(Reuters) -FedEx on Tuesday reported a fall in quarterly adjusted profit after a drop in e-commerce delivery demand offset its $4 billion cost-cutting plan aimed at sheltering margins.
Shares of the company were down about 2.8% after the bell, when FedEx also announced that Michael Lenz would retire as chief financial officer effective July 31 but remain as a senior adviser to the company until Dec 31.
The deflating e-commerce delivery bubble, recession risks and pressure from an activist investor pushed Tennessee-based FedEx to begin slashing fixed costs in a bid to protect margins.

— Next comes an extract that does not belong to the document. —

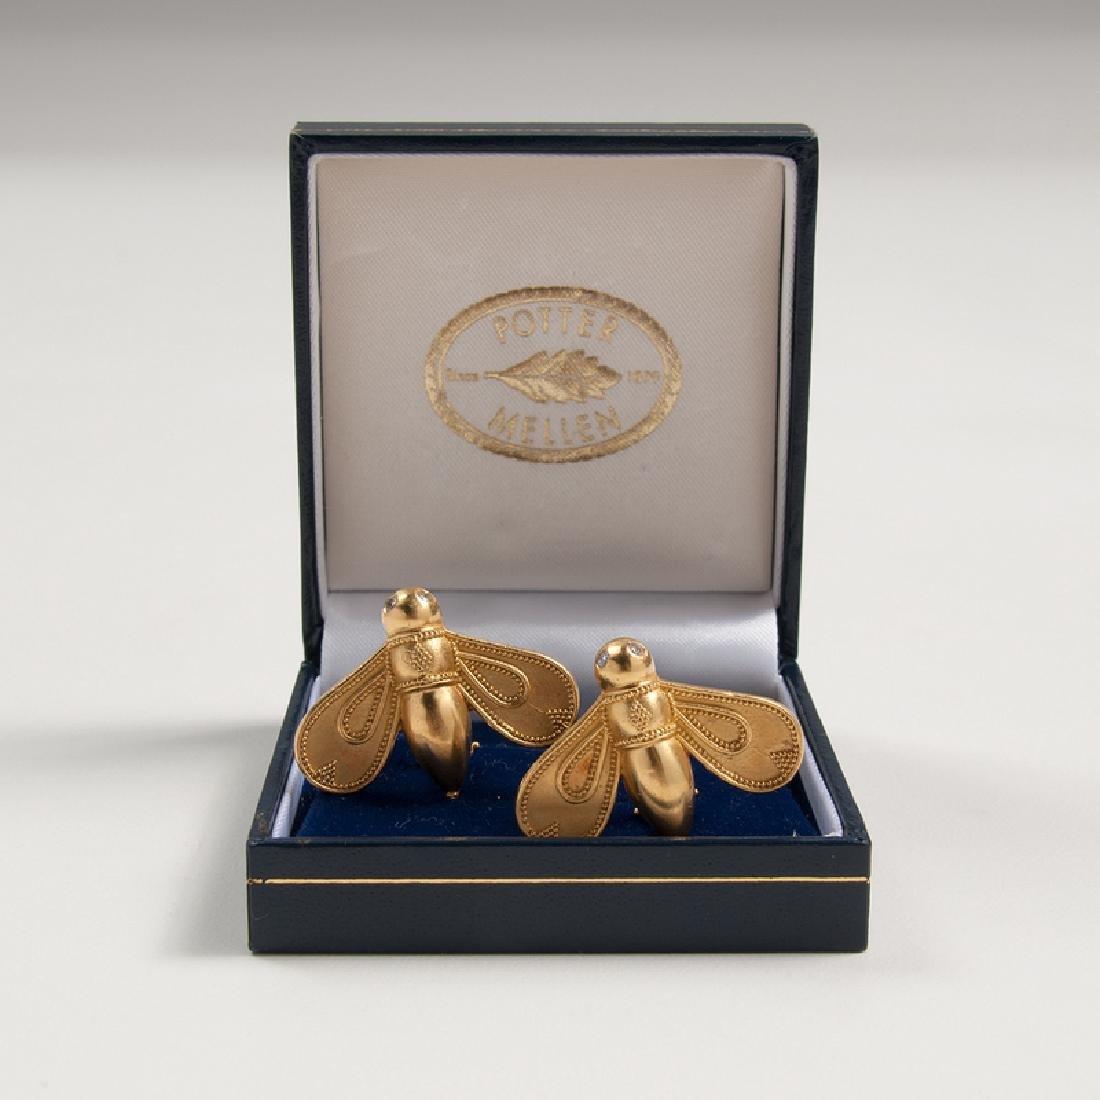 Maija Neimanis for Potter Mellen Bee Earrings

In the last year, FedEx has shuttered offices, cut jobs, reduced its fleet of cargo planes and canceled profit-sapping Sunday deliveries in far-flung areas to remain competitive in an unpredictable economy.
While the global shipping downturn has been a margin drag for most operators in the sector, FedEx also faces a balancing act of matching costs and capacity with waning demand.
The company posted an adjusted profit of $4.94 per share for the fourth quarter ended May 31, compared with $6.87 per share a year earlier.
Results from the latest quarter included a noncash impairment charge of $70 million, or 21 cents per diluted share, due to the permanent retirement of 18 aircraft and 34 related engines.